Action Groups and Notification Routing
Action groups define how alerts are routed and who gets notified. A single action group can trigger multiple actions (email, SMS, webhook, runbook execution, incident creation).
Notification types:
| Action Type | Use Case |
|---|---|
| Immediate notification to team members | |
| SMS | Critical alerts requiring immediate action |
| Push notification | Mobile app notification |
| Webhook | Integrate with external systems (PagerDuty, Slack, custom tools) |
| Azure Function/Runbook | Automated remediation (restart service, scale resources) |
| Logic App | Complex workflows (approval, notification, escalation) |
| ITSM Connector | Create incidents in ServiceNow, Jira, or other ITSM tools |
Action group design pattern:
Alert triggered
↓
Action Group evaluates
↓
├─ Email: on-call team
├─ Slack: team-alerts channel
├─ Webhook: PagerDuty (page engineer if critical)
└─ Logic App: auto-restart service and notify
Cost considerations: Action groups themselves are free. Costs come from the underlying services (Logic Apps, Runbooks, ITSM connectors).
Workbooks for Visualization and Dashboards
Workbooks are interactive dashboards that combine charts, tables, KQL queries, and markdown text. They are more flexible than Azure Dashboards and are the modern way to visualize Azure Monitor data.
Workbook capabilities:
- Interactive parameters: Dropdown selectors for time range, resource, environment
- Multiple visualizations: Line charts, bar charts, tables, heatmaps, status indicators
- KQL queries: Custom analysis with full query power
- Conditional formatting: Highlight values based on thresholds
- Sharing: Share with teams, embed in documentation
- Versioning: Save versions and rollback if needed
Common workbook patterns:
| Workbook Type | Purpose |
|---|---|
| Resource Health Dashboard | Status of VM, databases, and services with key metrics |
| Application Performance | Request count, response time, failure rate, top slow requests |
| Security Monitoring | Failed authentication attempts, suspicious activity, compliance status |
| Cost Analysis | Resource costs over time, cost anomalies |
| Incident Response | Timeline of events, correlated logs, actions taken |
When to use Workbooks: Use them for visual monitoring, investigation, and sharing analysis with non-technical stakeholders. Use Azure Dashboards for simple pinned charts if you prefer simplicity.
Azure Service Health and Resource Health
Service Health
Service Health provides information about Azure service incidents and planned maintenance that may affect your environment.
Service Health tracks:
- Active incidents (service degradation affecting resources)
- Planned maintenance (scheduled downtime)
- Health advisories (informational updates)
- Upcoming changes to Azure services
Use cases:
- Understand why your resources are slow or unavailable
- Plan maintenance windows around Azure platform changes
- Receive notifications when your subscriptions are affected
Resource Health
Resource Health shows the health status of individual Azure resources. It indicates whether a resource is available, degraded, or unavailable and provides context for the issue.

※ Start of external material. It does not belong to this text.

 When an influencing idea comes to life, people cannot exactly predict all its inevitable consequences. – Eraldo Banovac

Resource Health status values:
- Available: Resource is healthy and functioning
- Degraded: Resource is experiencing performance issues
- Unavailable: Resource is not responding
- Unknown: No data about resource status
Integration: Both Service Health and Resource Health integrate with Azure Monitor alerts. You can alert on resource health changes and receive notifications.
Azure Advisor Integration
Azure Advisor analyzes your Azure resources and provides recommendations across reliability, security, performance, cost, and operational excellence.

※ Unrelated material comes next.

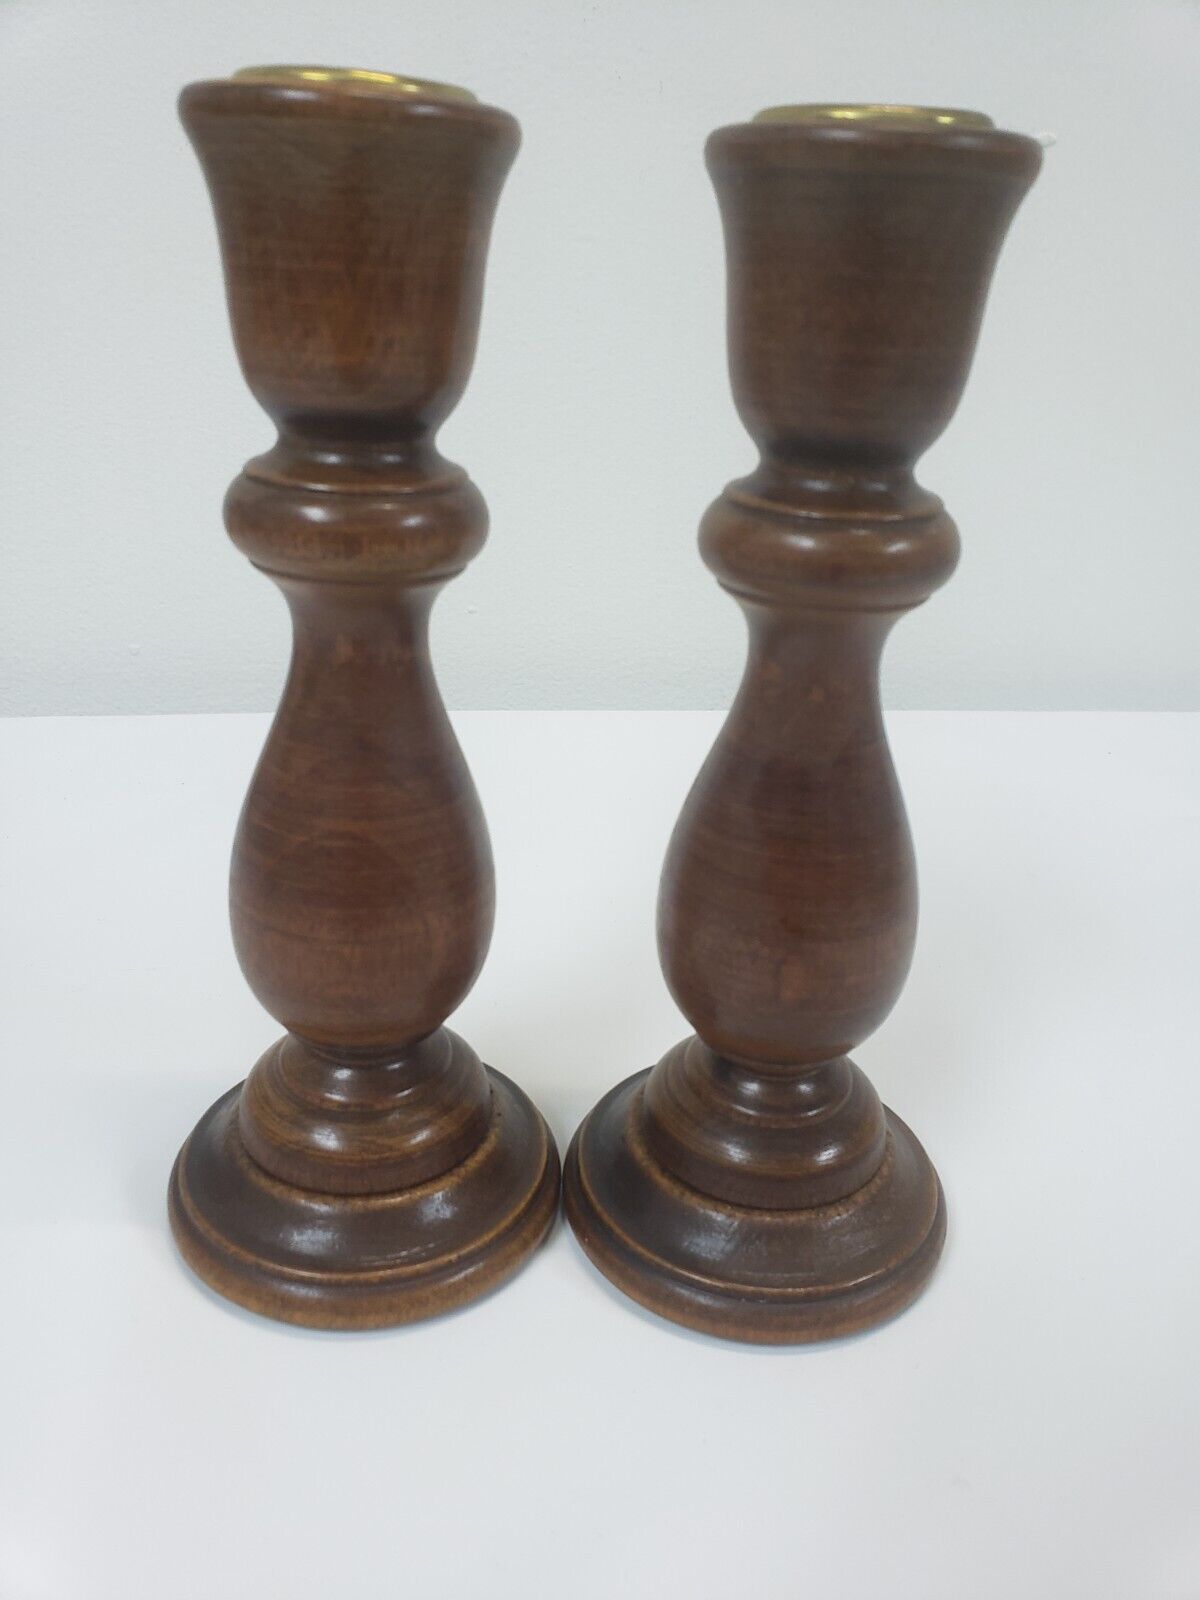 2 Vintage Wooden Candlestick Holders 7 inch high

Advisor provides recommendations for:
- Resizing oversized VMs
- Applying reserved instances for capacity planning
- Identifying unused resources
- Enabling backups and disaster recovery
- Configuring missing security baselines
Integration with Azure Monitor: Advisor insights can be surfaced in workbooks or queried via the Advisor API. Use Advisor recommendations to drive capacity planning and cost optimization initiatives.

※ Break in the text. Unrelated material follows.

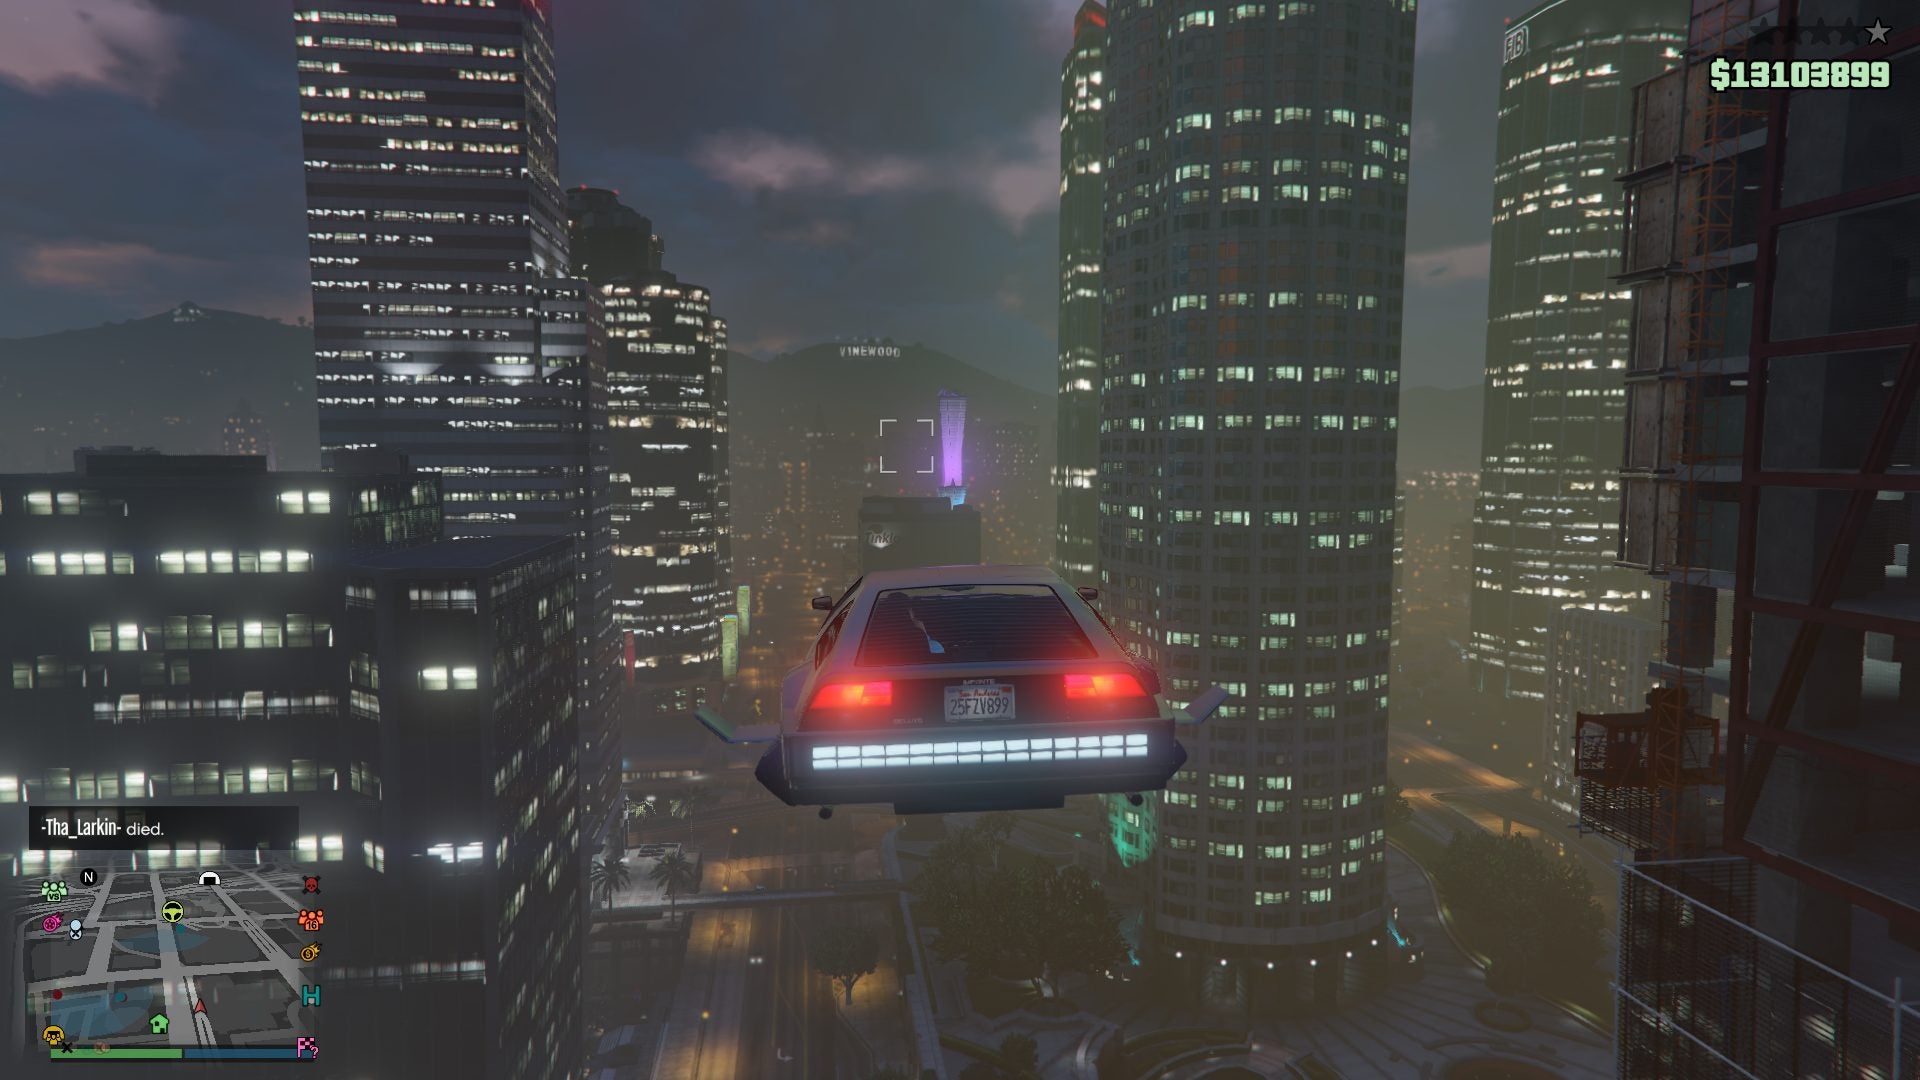 are there any graphics mods for gta 5 on stea.

Diagnostic Settings and Resource Logs
Diagnostic settings control where Azure resources send their logs and metrics. They route resource diagnostic logs (different from platform metrics) to Log Analytics, storage, or event hubs.
What gets sent:
- Resource-specific logs (e.g., firewall flow logs, web app logs, database query logs)
- Metrics (if enabled)
- Activity logs (if configured at subscription level)
Configuration:
- Destination: Log Analytics workspace, Azure Storage, Event Hubs
- Log category: Select which types of logs to collect
- Retention: How long to retain logs in the chosen destination
Common diagnostic settings:
| Resource Type | Key Log Categories |
|---|---|
| Azure SQL Database | SQLInsights (slow queries), Errors, Deadlocks |
| Application Gateway | ApplicationGatewayAccessLog, ApplicationGatewayPerformanceLog |
| Azure Firewall | AzureFirewallApplicationRule, AzureFirewallNetworkRule |
| Key Vault | AuditEvent, SecureScore |
| Virtual Network | NetworkSecurityGroupEvent, NetworkSecurityGroupRuleCounter |
Cost consideration: Sending diagnostic logs to Log Analytics incurs ingestion costs. Be selective about which log categories you enable.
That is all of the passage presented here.